Décision de justice 19 mai 2026 Droit Pénal & Justice

La désignation du liquidateur d'une SARL peut être décidée à la majorité des associés présents, primant sur l'exigence d'unanimité du droit commun.

Points clés

Résumé

Cette décision de la Cour d'Appel de Commerce de Casablanca apporte une précision importante concernant la désignation du liquidateur d'une Société à Responsabilité Limitée (SARL). Elle établit que la décision peut être prise à la majorité des associés présents ou représentés, dérogeant ainsi à la règle générale d'unanimité parfois requise par le droit commun des sociétés pour certaines décisions importantes.
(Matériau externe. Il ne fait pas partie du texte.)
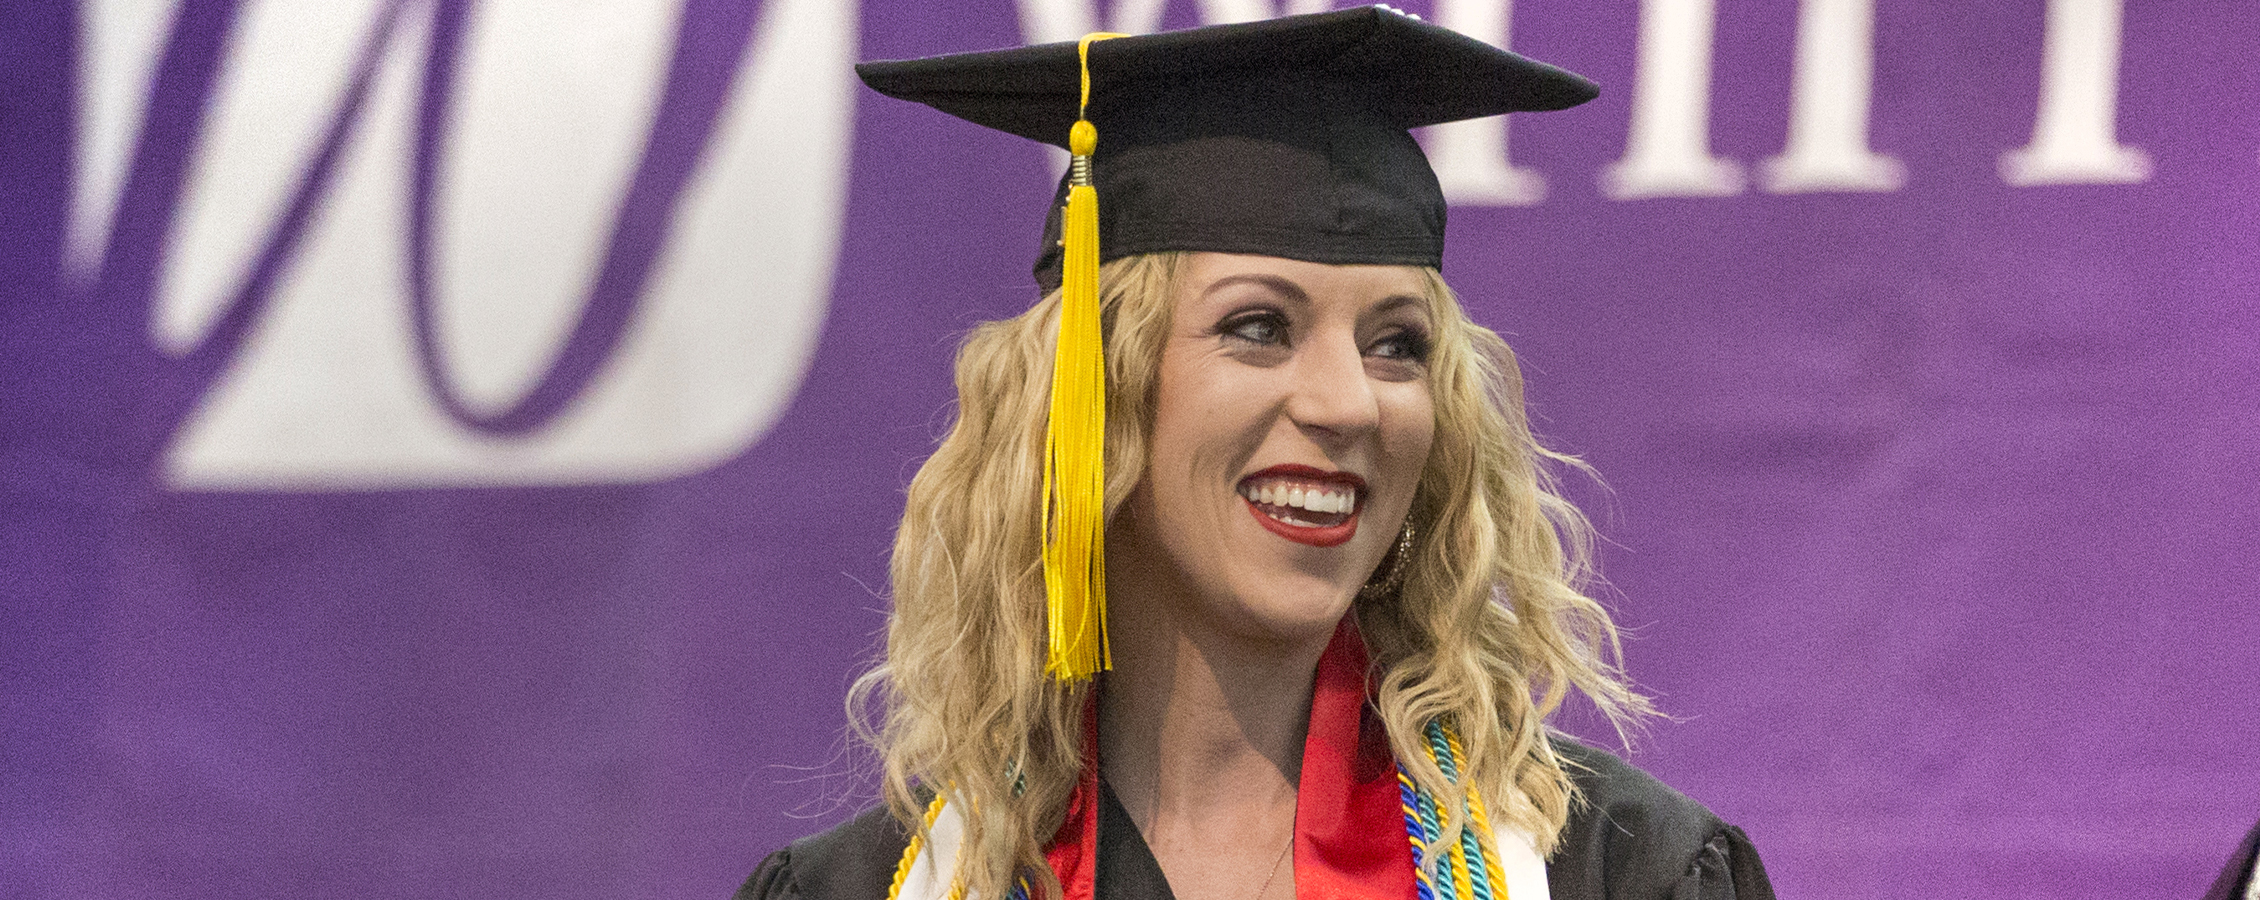 An international student smiles at graduation.

Cette primauté de la majorité simplifie le processus de liquidation des SARL et évite les blocages potentiels, favorisant ainsi la fluidité des opérations de dissolution et de liquidation des entreprises.

Texte

Saisi d'un appel contre un jugement ayant rejeté une demande en annulation des opérations de dissolution et de liquidation d'une société à responsabilité limitée, le tribunal de commerce avait écarté les moyens de l'associé demandeur. L'appelant soulevait, d'une part, la nullité des délibérations pour non-respect du délai de dépôt au greffe prévu par la loi 5-96 et, d'autre part, la violation de l'article 1065 du code des obligations et des contrats imposant l'unanimité des associés pour la désignation du liquidateur. La cour d'appel de commerce écarte le premier moyen en retenant que le point de départ du délai de dépôt de trente jours ne court qu'à compter de la date de la délibération finale ayant ratifié la dissolution et la liquidation, et non de la décision initiale de principe. Dès lors que l'associé appelant avait participé à cette assemblée de ratification, la cour considère que le dépôt effectué dans les trente jours suivant cette dernière est régulier. La cour ajoute que le défaut de publication, formalité susceptible de régularisation, est institué au profit des tiers et ne peut être invoqué par un associé informé. Sur le second moyen, elle juge que les exigences de l'article 1065 du code des obligations et des contrats, applicable en l'absence de disposition contraire dans la loi 5-96, sont satisfaites dès lors que l'associé a effectivement participé aux opérations de liquidation en assistant à l'assemblée générale décisive. Le jugement est par conséquent confirmé.